Karen noted that advances in genetics have found that one gene can cause different kinds of cancers — in different genders, for example. “A good example is breast cancer. The most common hereditary breast cancer is caused by the BRAC1 and BRAC2 genes. Well, BRAC2 can cause breast cancer in a woman and prostate cancer in a man,” she said. “A lot of people are surprised, especially men with prostate cancer are surprised, to learn they have a breast cancer gene that is actually the cause of their prostate cancer.”

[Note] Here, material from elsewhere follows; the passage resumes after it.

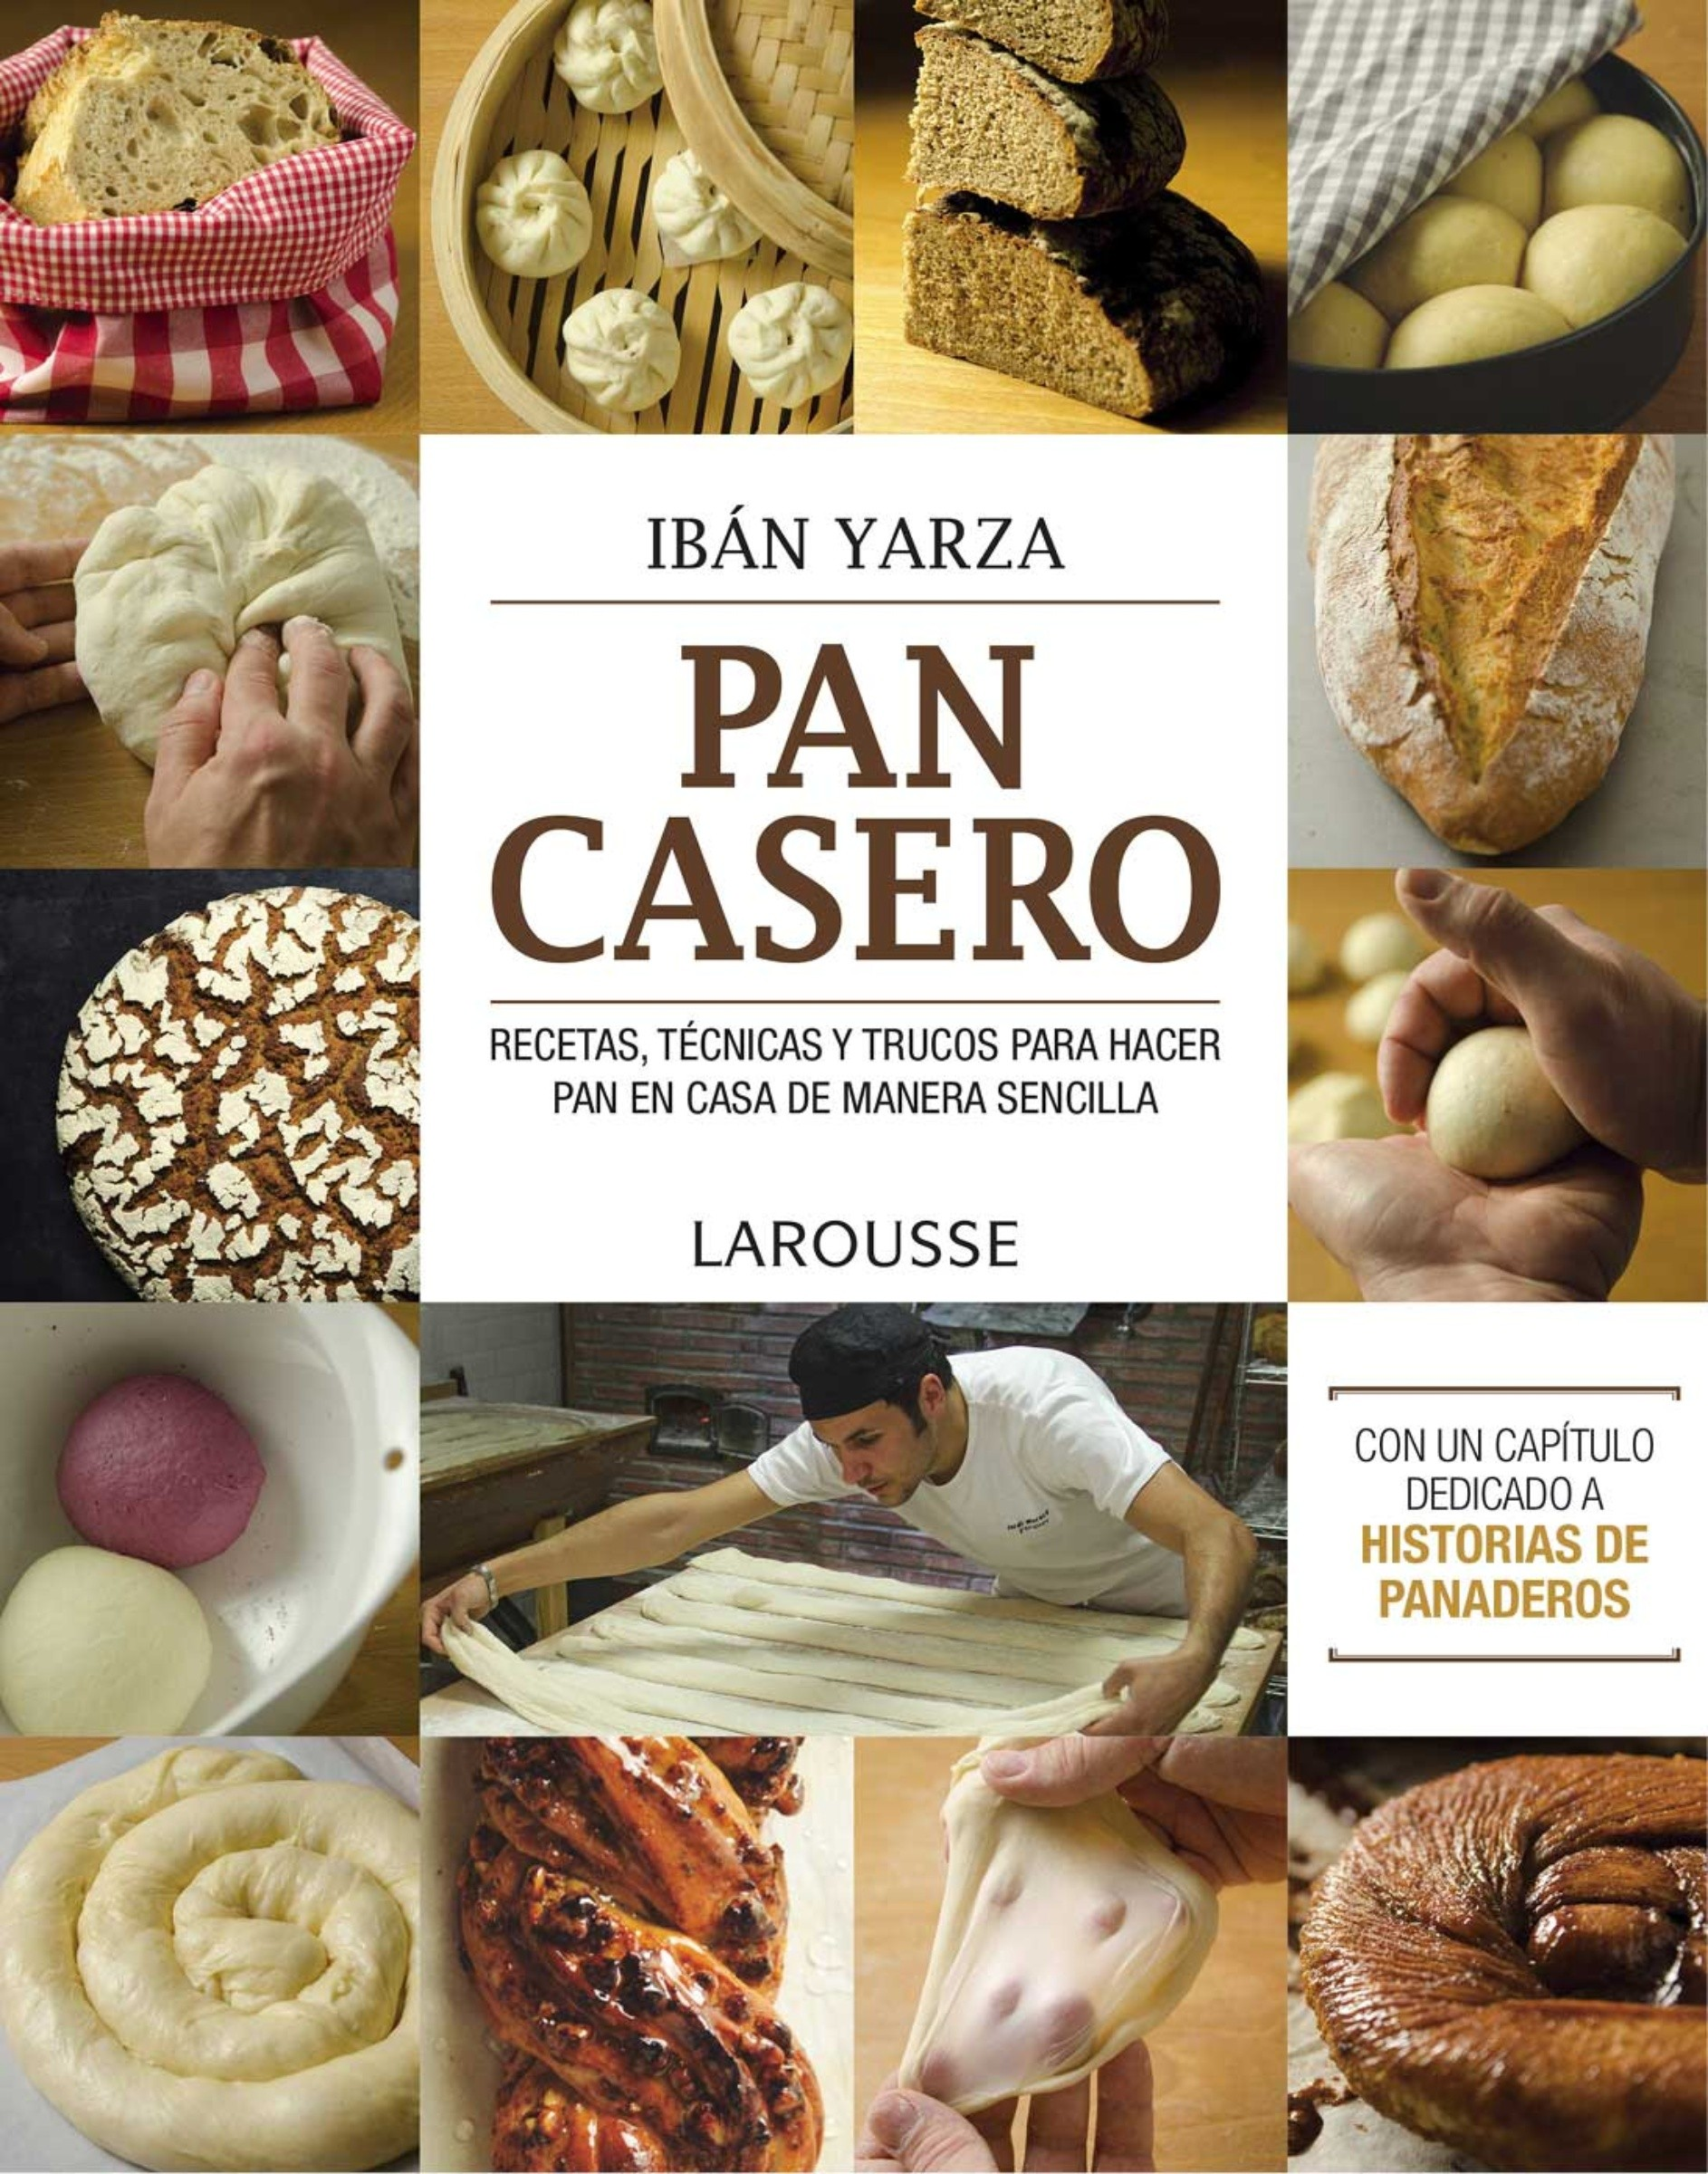 Pan Casero de Ibán Yarza

Karen also explained the process involved in her work as a genetic counselor, including developing a detailed family history for a patient, which can indicate “red flags” that would lead to genetic testing.

“Red flags are if they are young, have a rare cancer, have both been diagnosed with cancer and have a family history of it,” she explained. Testing unaffected family members is also important “because we want to identify people who have that genetic background risk because then we start screening them very carefully. We have options for surveillance and screening but if they don’t know they are at risk, they may not get the screening.”

Carrying a certain gene mutation does not necessarily mean a person will develop cancer, she added. “You can carry these genes all your life and not get cancer. All we know is that you have inherited a risk and, depending on the gene, there are guidelines in place to manage the risk.”